Michael Ondaatje

Start Free Trial

Biography

Download PDF PDF Page Citation Cite Share Link Share

(Phillip) Michael Ondaatje was born in Colombo, Sri Lanka (then called Ceylon), on September 12, 1943. Ondaatje grew up surrounded by his extended family on an estate in Kegalle owned by his paternal grandfather, a wealthy tea planter. In 1952, four years after his parents’ divorce, Ondaatje moved to England with his mother, sister, and brother to attend Dulwich College, a public school with a strong academic program and a long literary tradition.

At the age of nineteen, Ondaatje followed his brother, Christopher, to Montreal, Canada, then moved to Lennoxville in eastern Quebec, where he attended Bishop’s University, majoring in English and history; it was there that he first began to write.

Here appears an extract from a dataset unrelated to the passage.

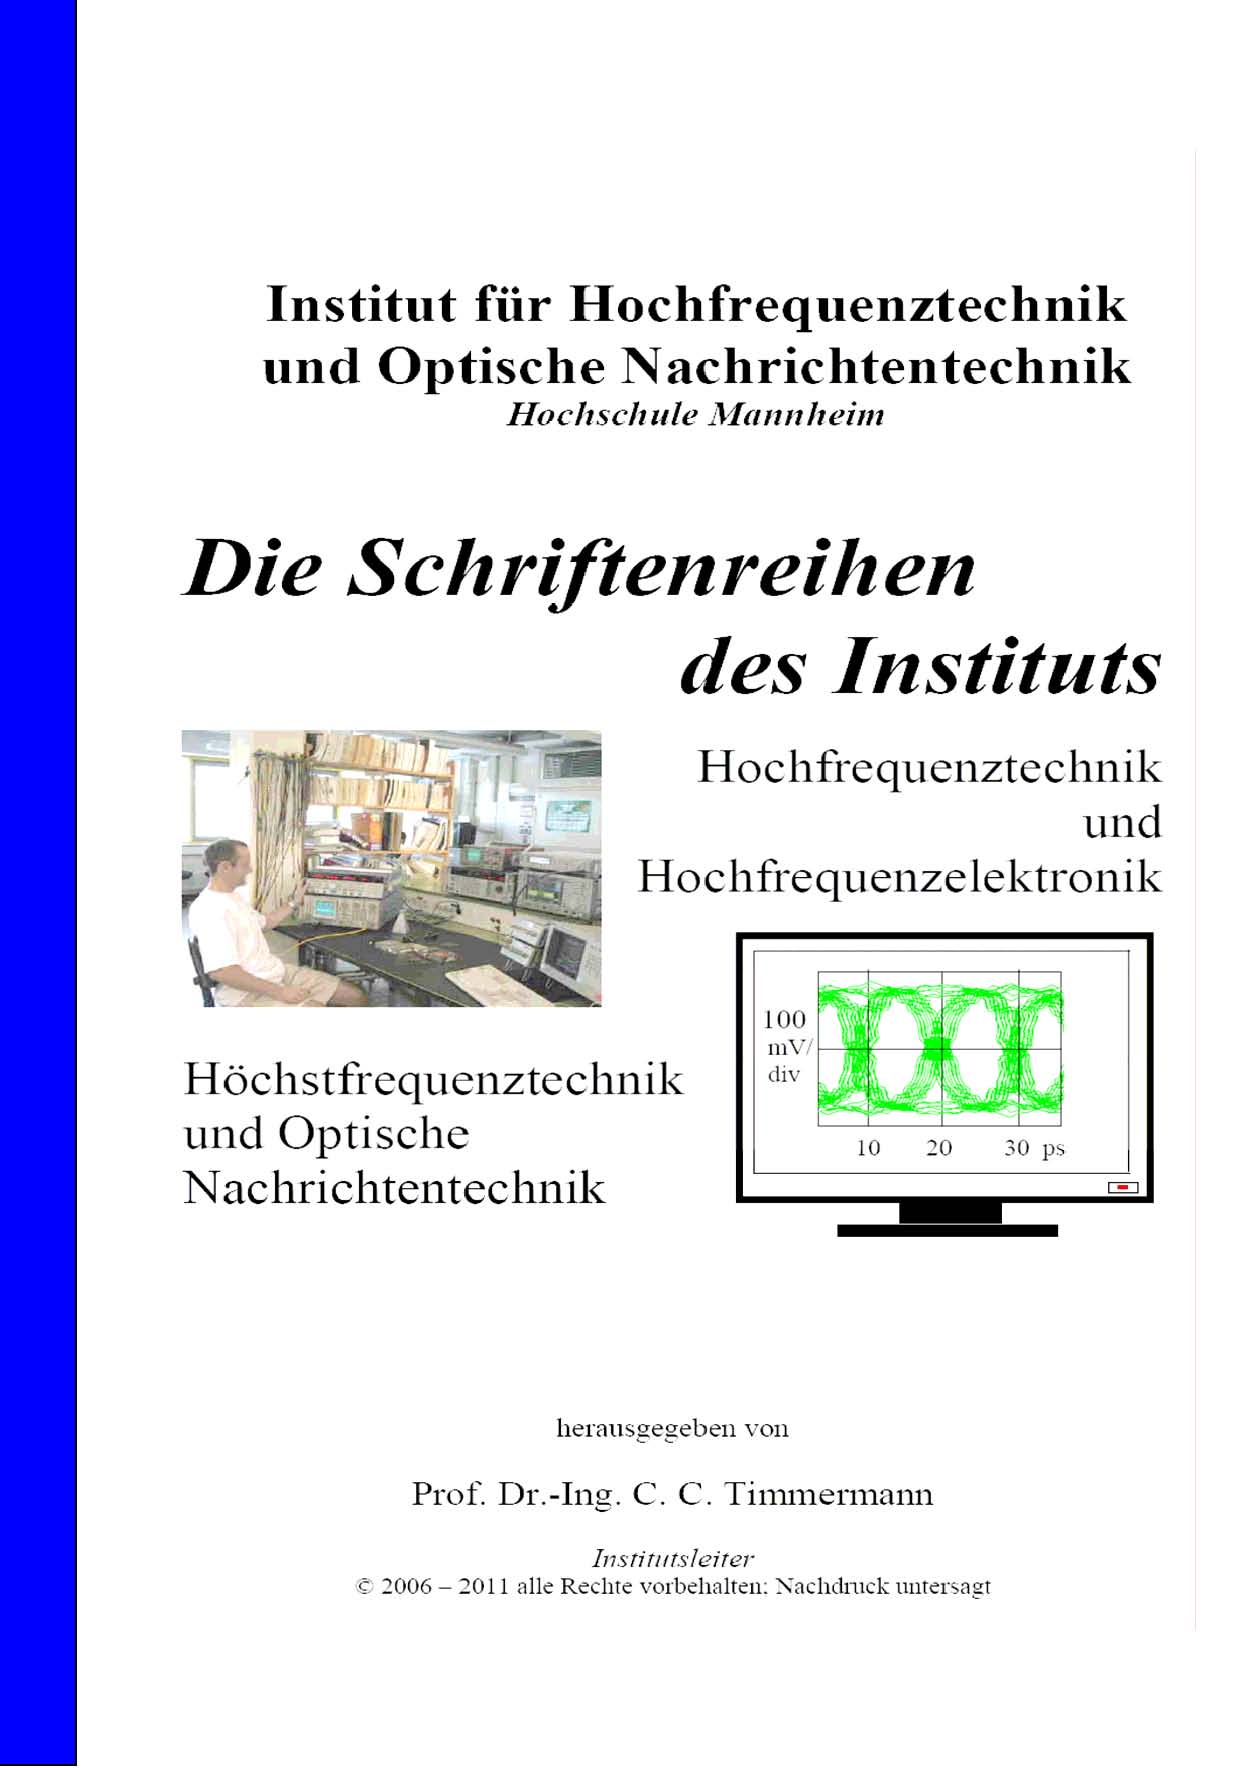 Schriftenreihe Hochfrequenztechnik von Prof. Dr. Ing. C.C. Timmermann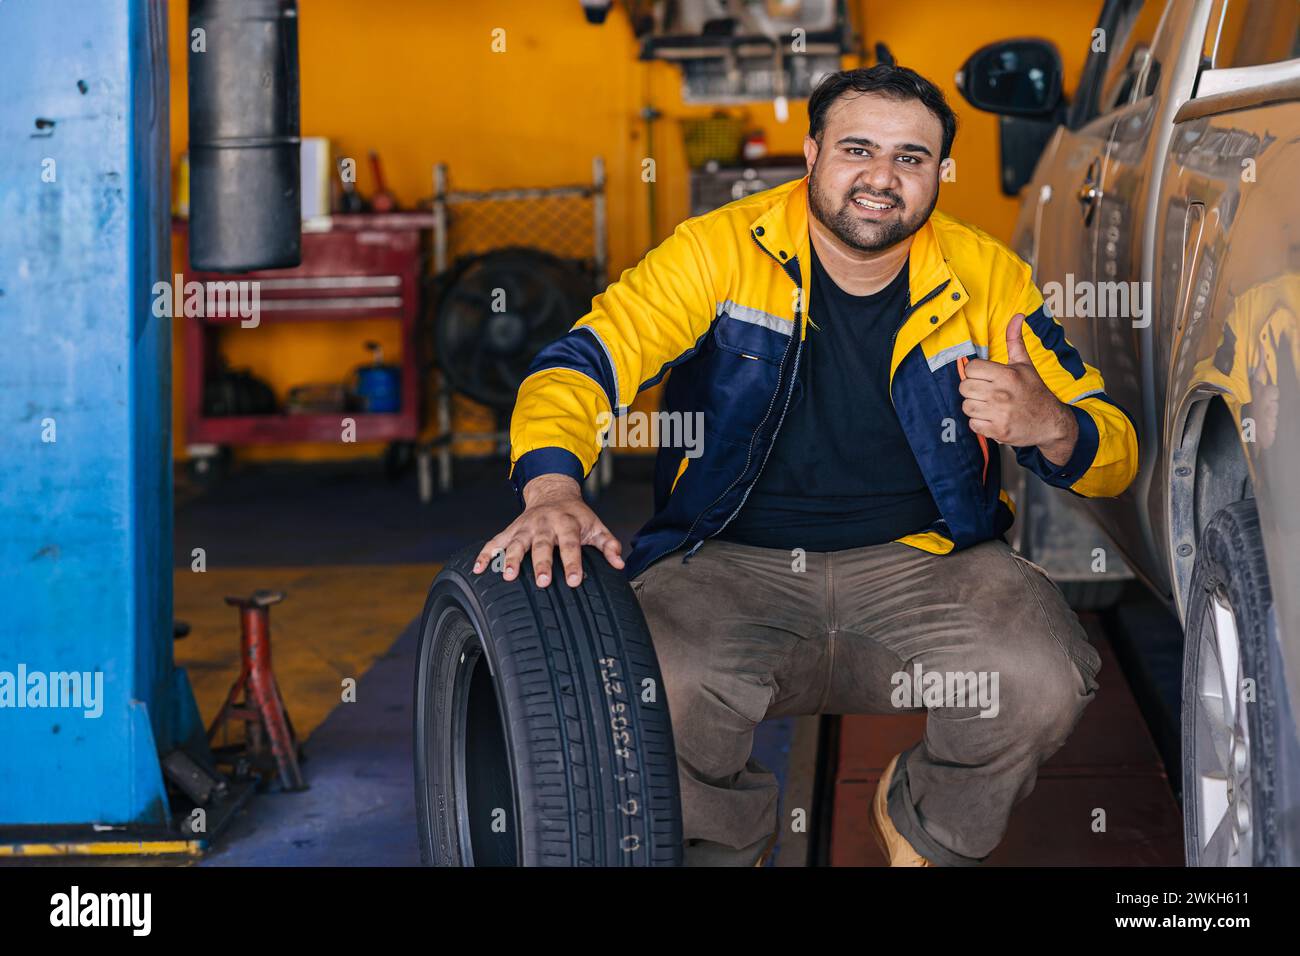 Trabajador indio del hombre del retrato en el servicio del coche del trabajo feliz del mecánico auto del garaje substituye el mantenimiento del vehículo del neumático Foto de stock

In 1964, Ondaatje married the artist Kim Jones, with whom he has two children, and transferred from Bishop’s University to the University of Toronto, where he earned his B.A. in 1965. That same year he was awarded the Ralph Gustafson Poetry Award, the first of many awards recognizing his work. In 1967, Ondaatje received an M.A. from Queen’s University, published his first collection of poetry, The Dainty Monsters, and began teaching English at the University of Western Ontario.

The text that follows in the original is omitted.